[<prev] [next>] [day] [month] [year] [list]
Message-ID: <20180325091742.7cu77urjb7j6b6pg@gmail.com>
Date:   Sun, 25 Mar 2018 11:17:42 +0200
From:   Ingo Molnar <mingo@...nel.org>
To:     Linus Torvalds <torvalds@...ux-foundation.org>
Cc:     linux-kernel@...r.kernel.org, Thomas Gleixner <tglx@...utronix.de>,
        Peter Zijlstra <a.p.zijlstra@...llo.nl>,
        Andrew Morton <akpm@...ux-foundation.org>,
        Andy Lutomirski <luto@...nel.org>
Subject: [GIT PULL] x86 and PTI fixes
Linus,
Please pull the latest x86-pti-for-linus git tree from:
   git://git.kernel.org/pub/scm/linux/kernel/git/tip/tip.git x86-pti-for-linus
   # HEAD: d8ba61ba58c88d5207c1ba2f7d9a2280e7d03be9 x86/entry/64: Don't use IST entry for #BP stack
Misc fixes:
 - fix EFI pagetables freeing
 - fix vsyscall pagetable setting on Xen PV guests
 - remove ancient CONFIG_X86_PPRO_FENCE=y - x86 is TSO again
 - fix two binutils (ld) development version related incompatibilities
 - clean up breakpoint handling
 - fix an x86 self-test
 Thanks,
	Ingo
------------------>
Andy Lutomirski (2):
      selftests/x86/ptrace_syscall: Fix for yet more glibc interference
      x86/entry/64: Don't use IST entry for #BP stack
Boris Ostrovsky (1):
      x86/vsyscall/64: Use proper accessor to update P4D entry
Christoph Hellwig (1):
      x86/cpu: Remove the CONFIG_X86_PPRO_FENCE=y quirk
H.J. Lu (2):
      x86/build/64: Force the linker to use 2MB page size
      x86/boot/64: Verify alignment of the LOAD segment
Waiman Long (1):
      x86/efi: Free efi_pgd with free_pages()

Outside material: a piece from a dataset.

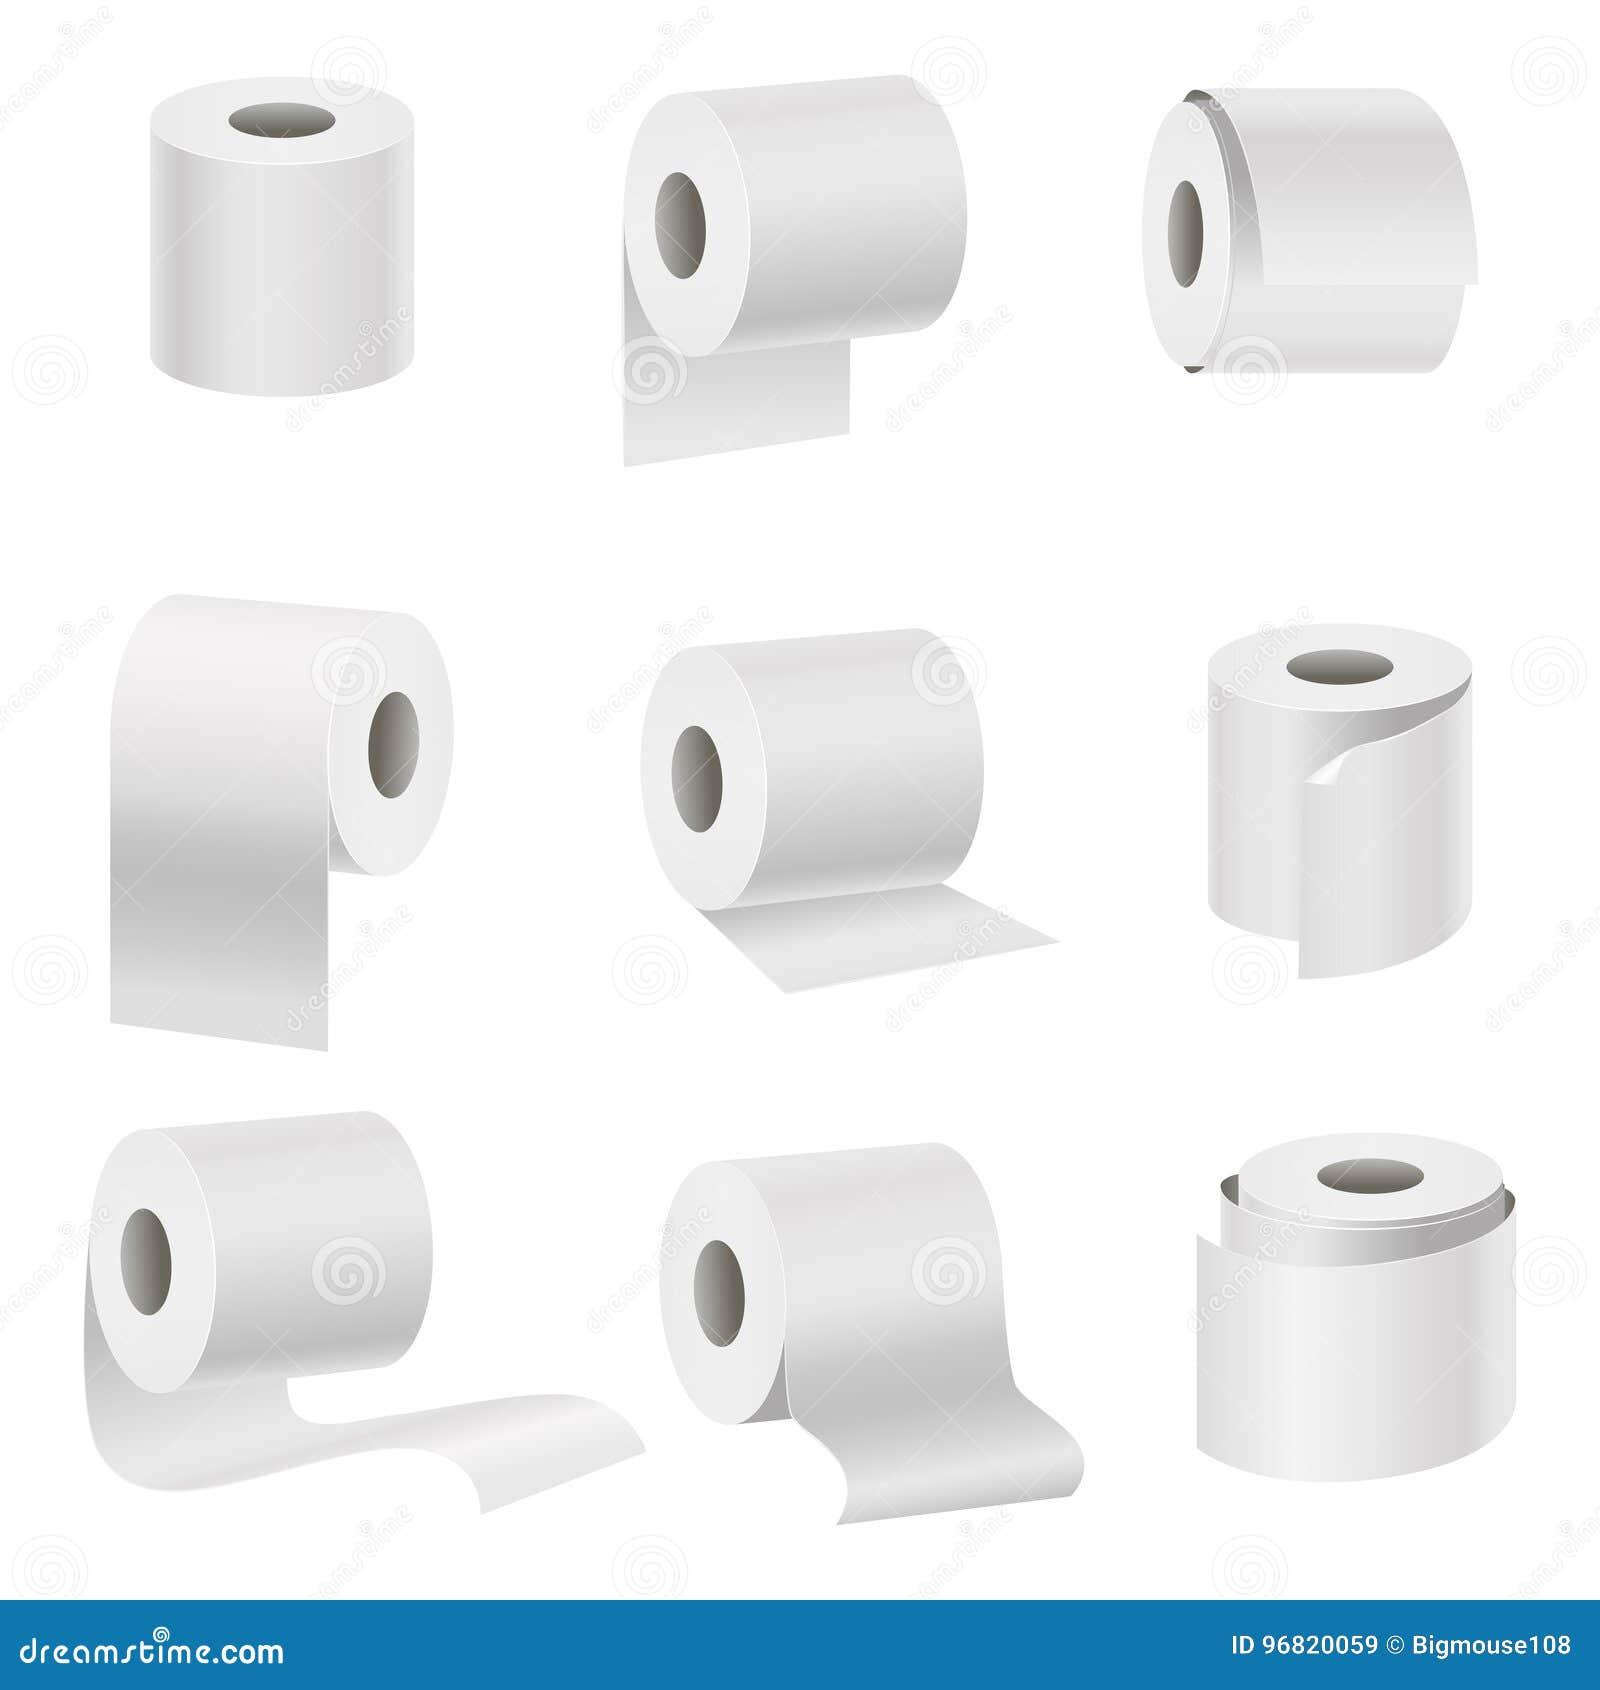 Realistic Template Blank White Toilet Paper Set. Vector

 arch/x86/Kconfig.cpu                         | 13 ------------
 arch/x86/Makefile                            |  9 +++++++++
 arch/x86/boot/compressed/misc.c              |  4 ++++
 arch/x86/entry/entry_64.S                    |  2 +-
 arch/x86/entry/vdso/vdso32/vclock_gettime.c  |  2 --
 arch/x86/entry/vsyscall/vsyscall_64.c        |  2 +-
 arch/x86/include/asm/barrier.h               | 30 ----------------------------
 arch/x86/include/asm/io.h                    | 15 --------------
 arch/x86/kernel/idt.c                        |  2 --
 arch/x86/kernel/pci-nommu.c                  | 19 ------------------
 arch/x86/kernel/traps.c                      | 15 +++++++-------
 arch/x86/platform/efi/efi_64.c               |  2 +-
 arch/x86/um/asm/barrier.h                    |  4 ----
 tools/testing/selftests/x86/ptrace_syscall.c |  8 ++++++--
 14 files changed, 30 insertions(+), 97 deletions(-)
diff --git a/arch/x86/Kconfig.cpu b/arch/x86/Kconfig.cpu
index 65a9a4716e34..f0c5ef578153 100644
--- a/arch/x86/Kconfig.cpu
+++ b/arch/x86/Kconfig.cpu
@@ -315,19 +315,6 @@ config X86_L1_CACHE_SHIFT
 	default "4" if MELAN || M486 || MGEODEGX1
 	default "5" if MWINCHIP3D || MWINCHIPC6 || MCRUSOE || MEFFICEON || MCYRIXIII || MK6 || MPENTIUMIII || MPENTIUMII || M686 || M586MMX || M586TSC || M586 || MVIAC3_2 || MGEODE_LX
 
-config X86_PPRO_FENCE
-	bool "PentiumPro memory ordering errata workaround"
-	depends on M686 || M586MMX || M586TSC || M586 || M486 || MGEODEGX1
-	---help---
-	  Old PentiumPro multiprocessor systems had errata that could cause
-	  memory operations to violate the x86 ordering standard in rare cases.
-	  Enabling this option will attempt to work around some (but not all)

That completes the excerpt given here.